> **Task requirements**
Only the pictures are to be dropped; return all other data below exactly.
+++ Data excerpt
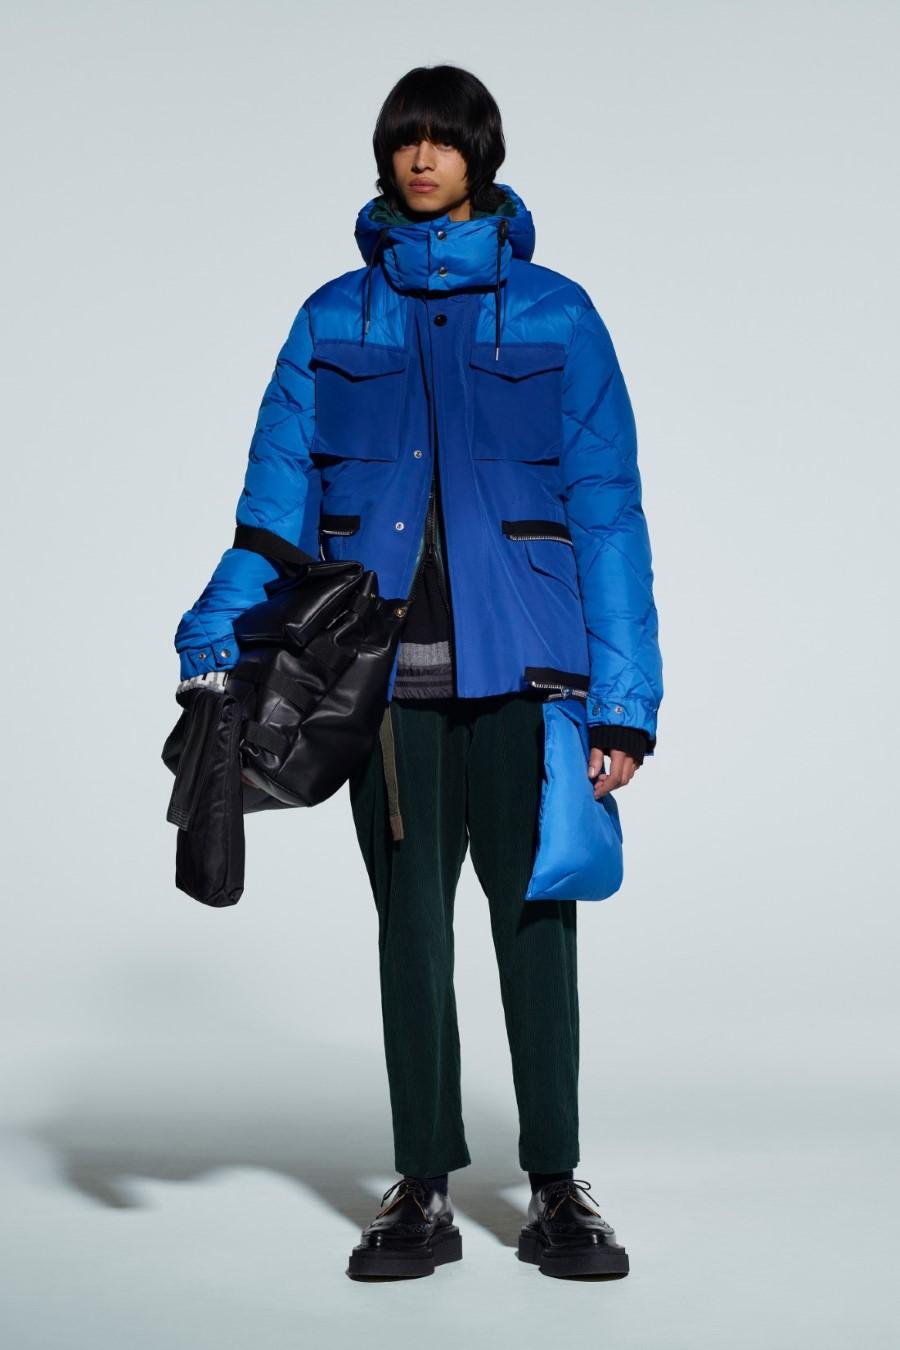 Sacai Men's Fall Winter 2021 - Tokyo Fashion Week
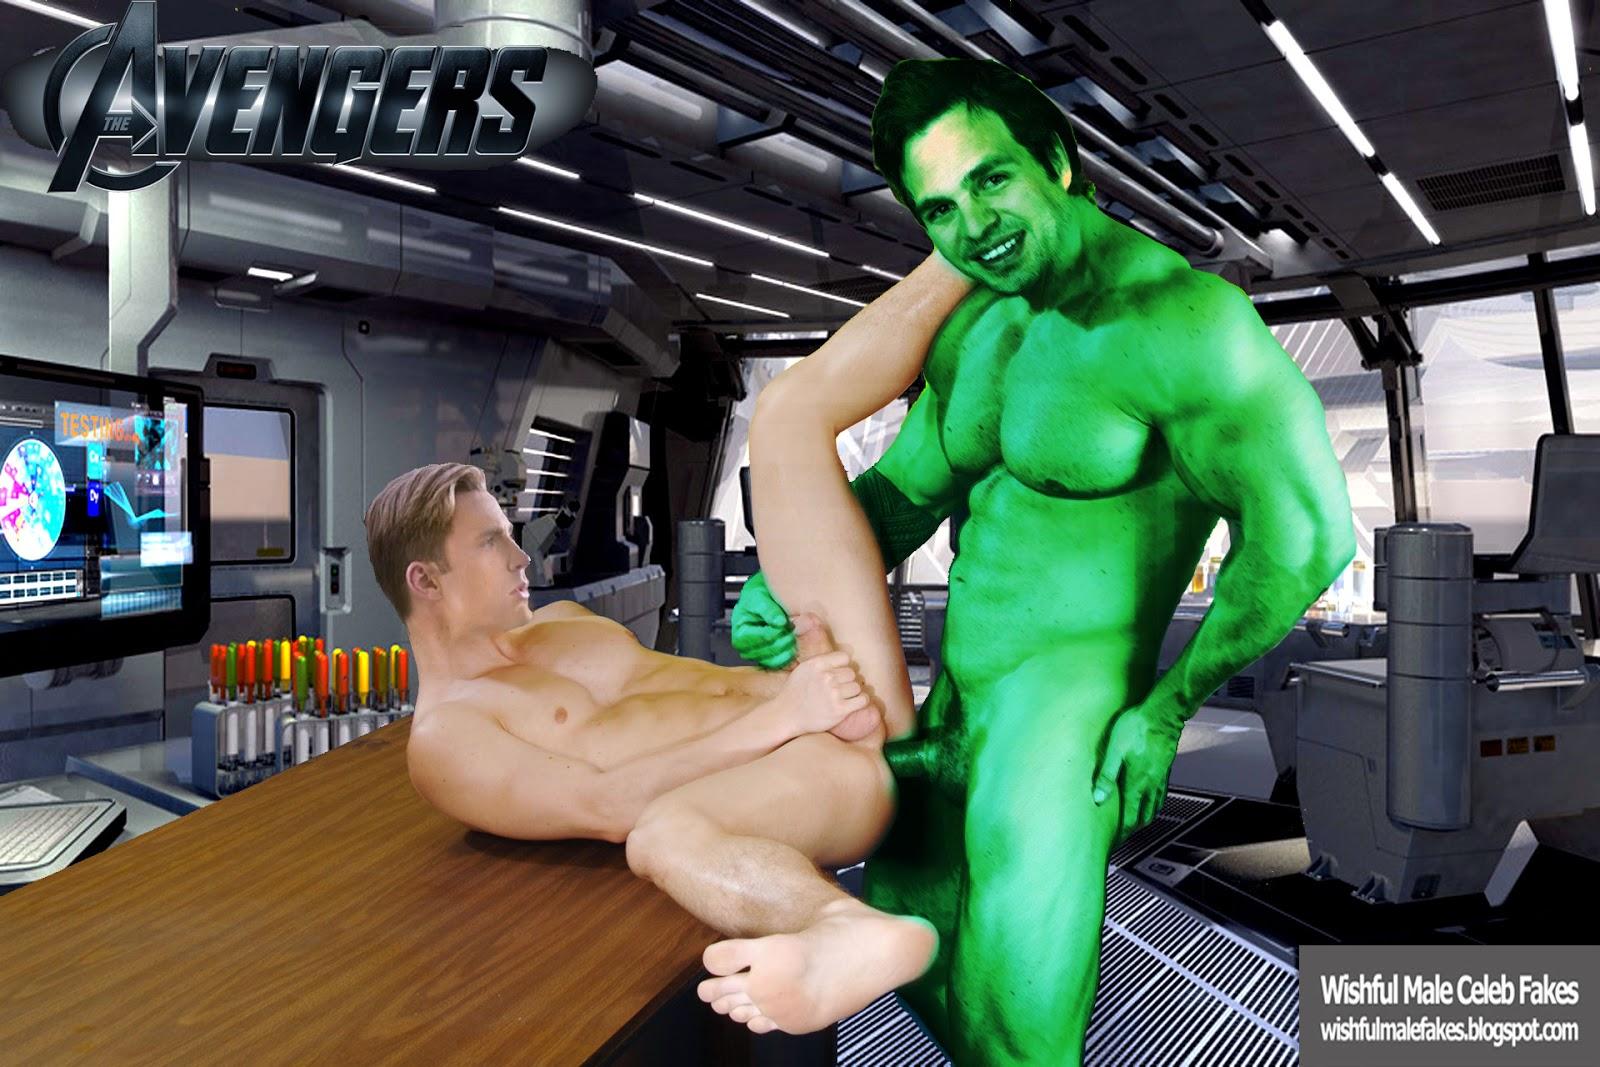 Побежал Юрий порно с капитаном америка быстро съел
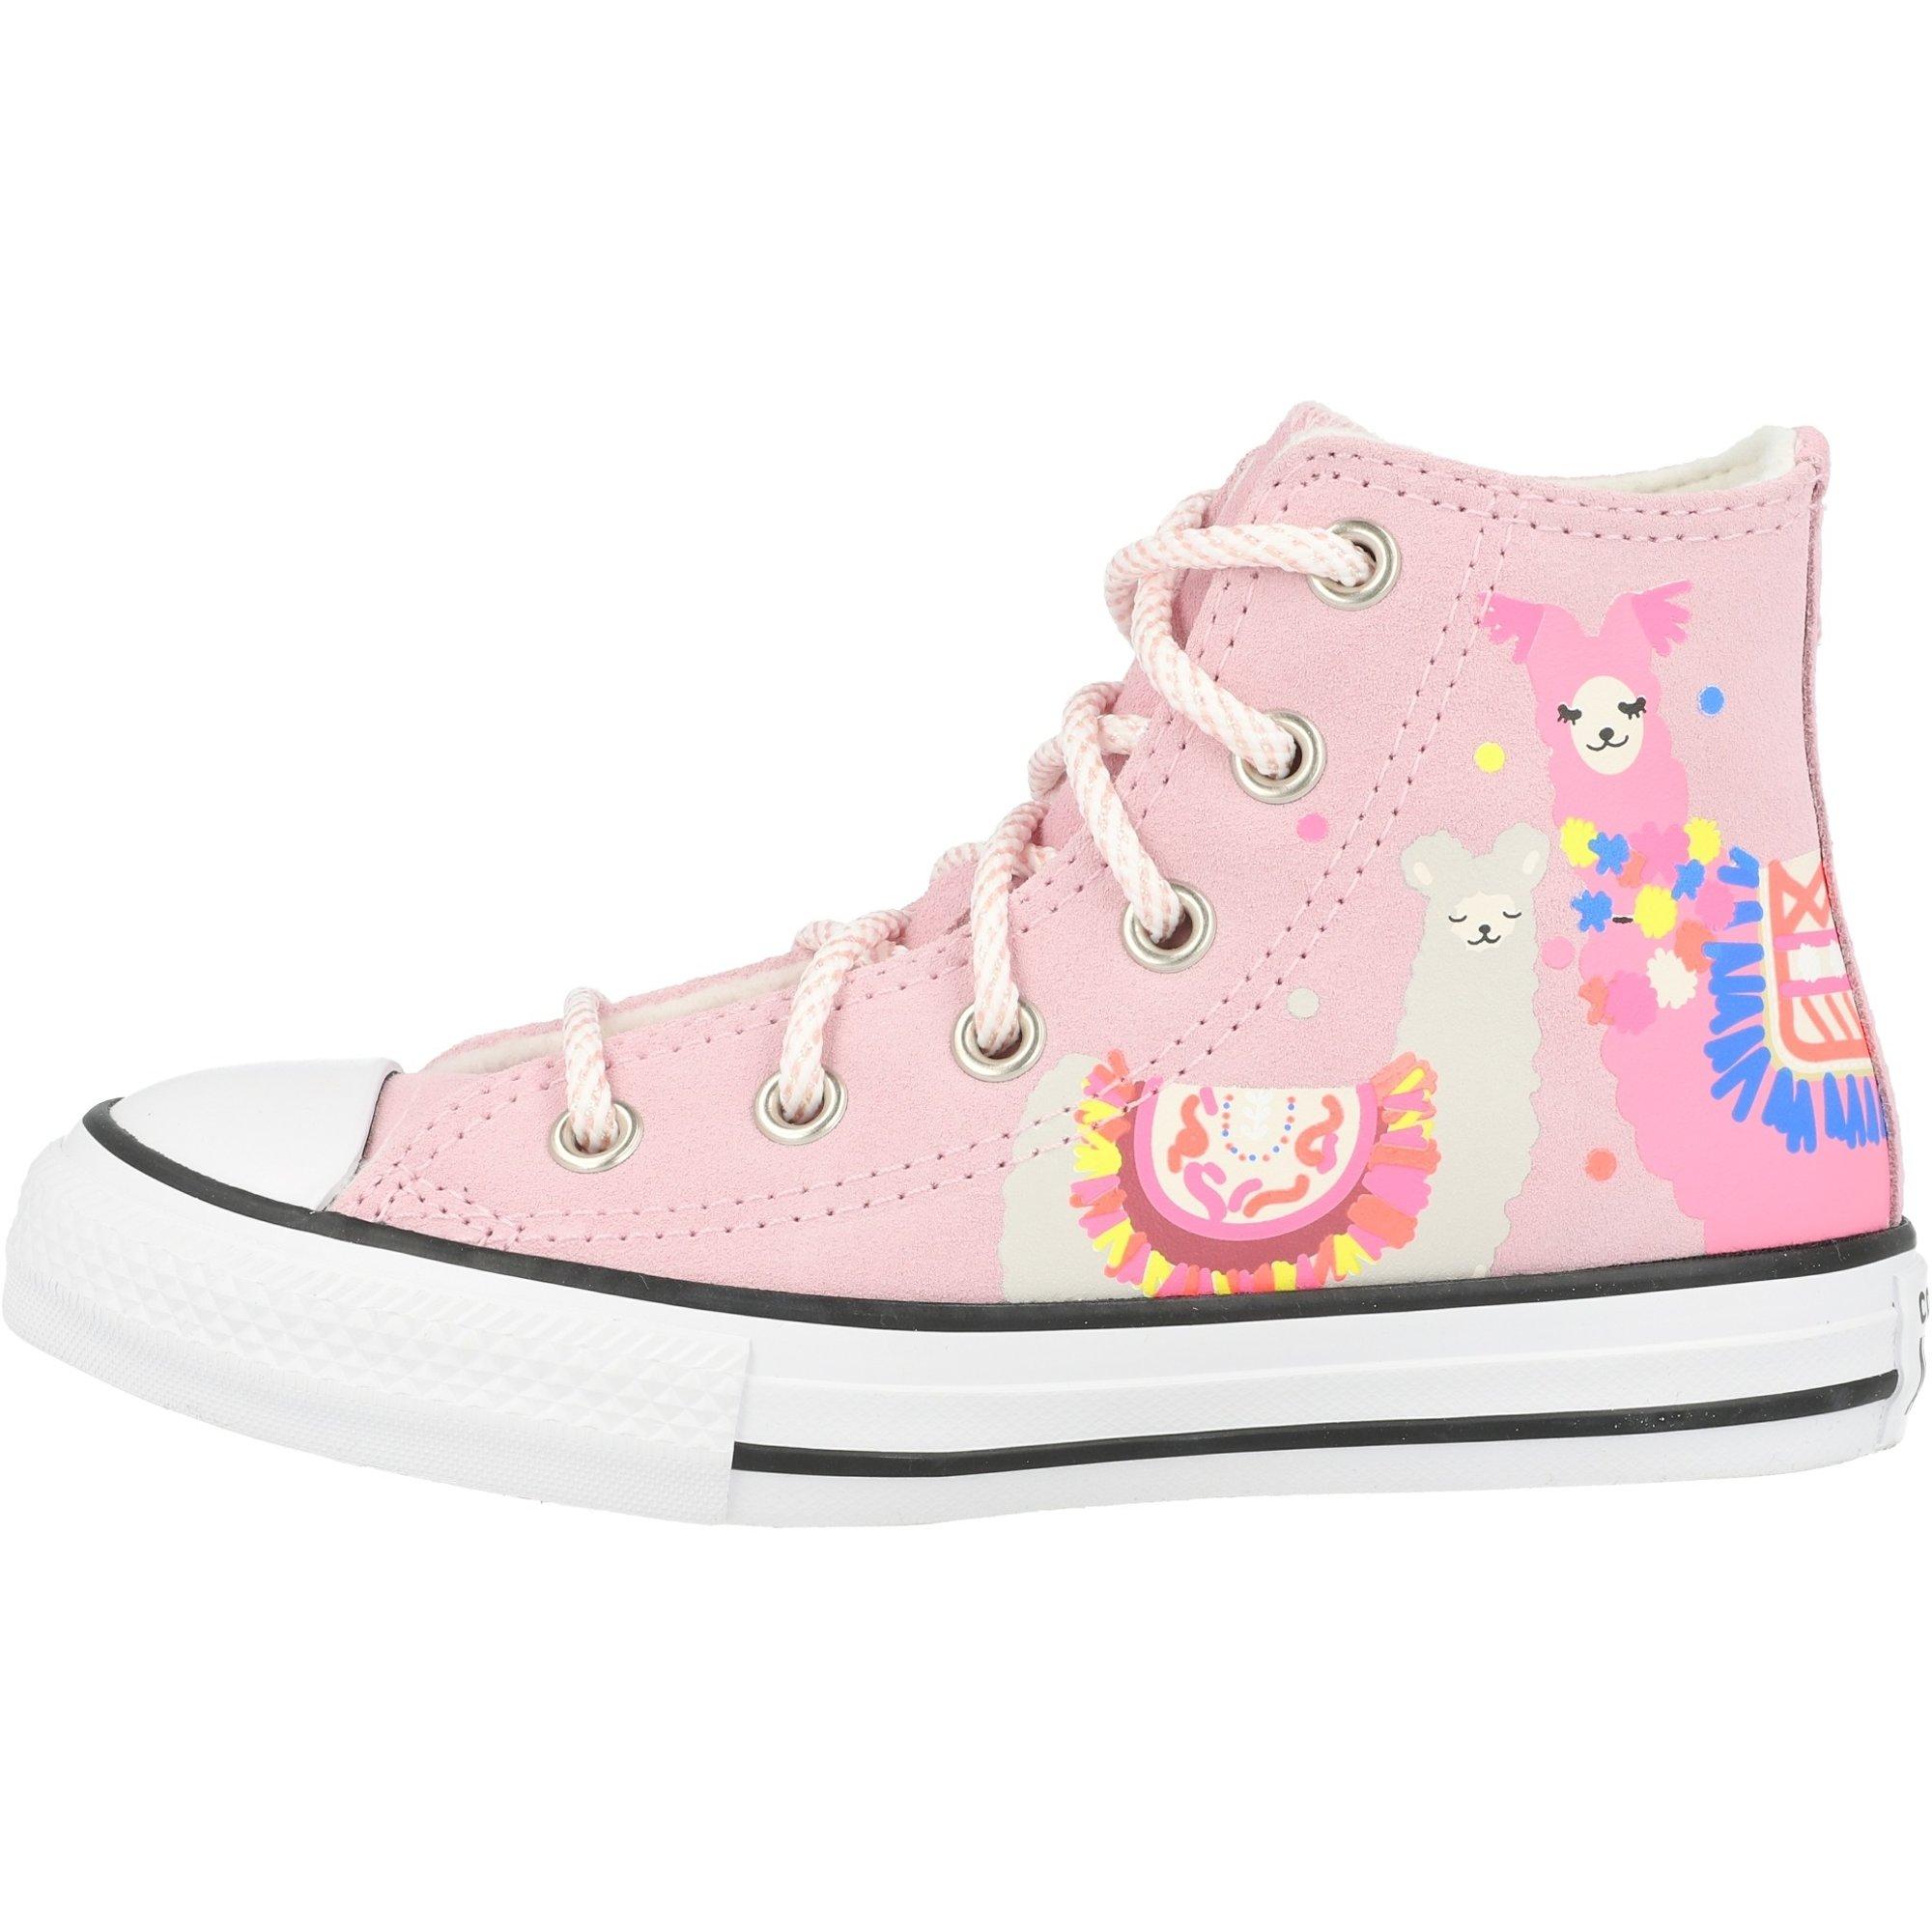 Converse Chuck Taylor All Star Hi Lama Cherry Blossom/Black Suede
++++++
> **Response**
 Sacai Men's Fall Winter 2021 - Tokyo Fashion Week
 Побежал Юрий порно с капитаном америка быстро съел
 Converse Chuck Taylor All Star Hi Lama Cherry Blossom/Black Suede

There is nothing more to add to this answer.